Josef Hader, no papel de Stefan Zweig, no filme Adeus, Europa, dirigido por Maria Schrader
Stefan Zweig e a liberação da alma em tempos de ódio

João Lanari Bo -

“Minha crise interna consiste em que não sou capaz de me identificar com o eu do meu passaporte, o eu do exílio”. Stefan Zweig, o formidável escritor - tema do filme em cartaz no Cine Cultura do Liberty Mall que leva o premonitório título de “Adeus, Europa” - era o autor mais traduzido do mundo quando cometeu, com a mulher Lotte, um duplo suicídio, em Petrópolis, no carnaval de 1942.

Duplo suicídio é um dispositivo corrente na literatura japonesa, e por extensão no cinema.

Mas Zweig era um judeu austríaco, vidente de uma Europa sem fronteiras e guerras.

Como mostrar uma decisão como essa? A câmera estática de Maria Schrader, a diretora do filme, capta os instantes imediatamente posteriores à morte do casal, de um ângulo onde se vê parte de sala, hall interno e varanda ao fundo.

Entram pessoas próximas do casal em Petrópolis, línguas e sotaques variados, negros e brancos. A imagem é fria e distante, mas a tensão subjaz.

São meia dúzia de fragmentos dos últimos anos de Zweig, a maior parte no Brasil, mas também Buenos Aires e Nova York.

Na América apenas uma sequência extraordinária no apartamento da ex-mulher, igualmente foragida.
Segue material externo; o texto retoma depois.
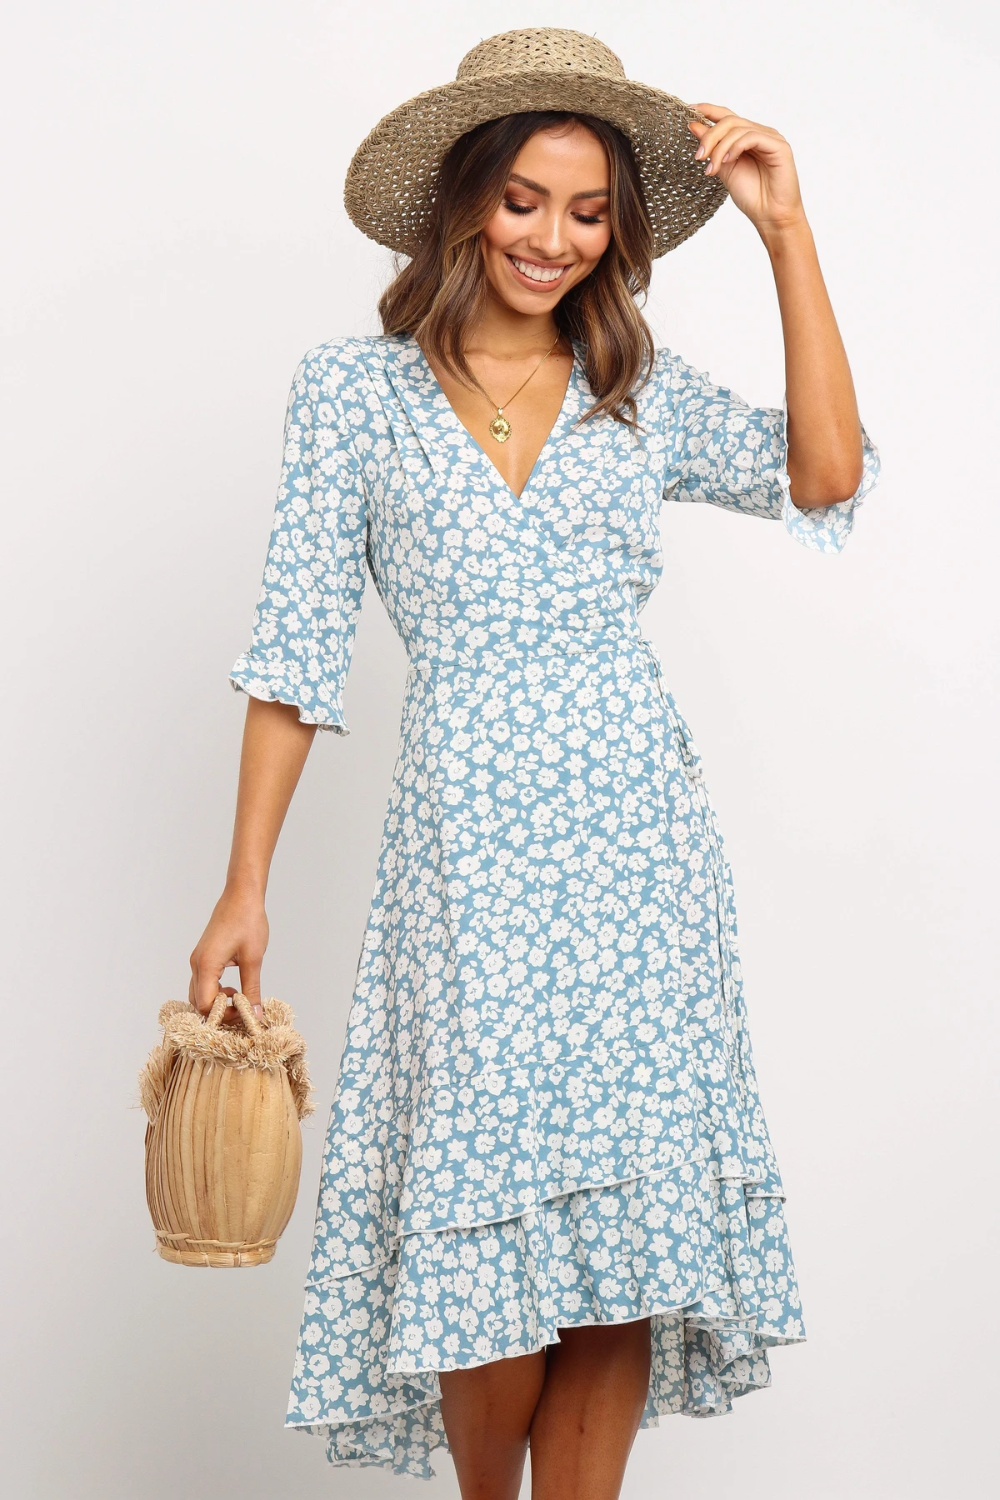 Chiaria Dress - Blue -   18 casual dress Patterns ideas

Muito diálogo, reencontros e ansiedade (o ano era 1939).

Na Argentina, um Congresso de escritores que se transforma em ato público contra o emergente nazismo (o ano era 1936).

O fio seco que conduz a narrativa desvia a contenção emocional para o rosto dos protagonistas, os excepcionais Josef Hader, Aenne Schwarz (companheira) e Barbara Sukowa (a ex).

O assombro toma conta de Zweig, quase imperceptível, mesmo para os espectadores contemporâneos que conhecem o fim trágico. Assombro interior, e perplexidade com o que se passava ao redor.

O Brasil foi um alívio nesses anos de tormenta. Em um de seus melhores textos, Zweig dizia de Fouché, o revolucionário de 1789 que virou chefe de polícia de Napoleão e sobreviveu à restauração da monarquia em seu país, a França: “o Ministério, o Senado e a representação popular são maleáveis como cera em sua mão de mestre”.

Stefan Zweig não era maleável e acabou não segurando a onda, na placidez petropolitana.

Tinha 60 anos quando se matou. Thomas Mann, outra estrela literária na oposição a Hitler, achou o ato covarde, um triunfo para os dominadores da Alemanha.

Mas se arrependeu dez anos mais tarde, compreendendo que Zweig "não queria e não podia continuar vivendo no mundo cheio de brados de ódio, barreiras hostis e o medo brutalizante que hoje nos cerca".

Mann escreveu essas linhas em 1955. Hoje os brados parecem se reagrupar na velha Europa, de novo.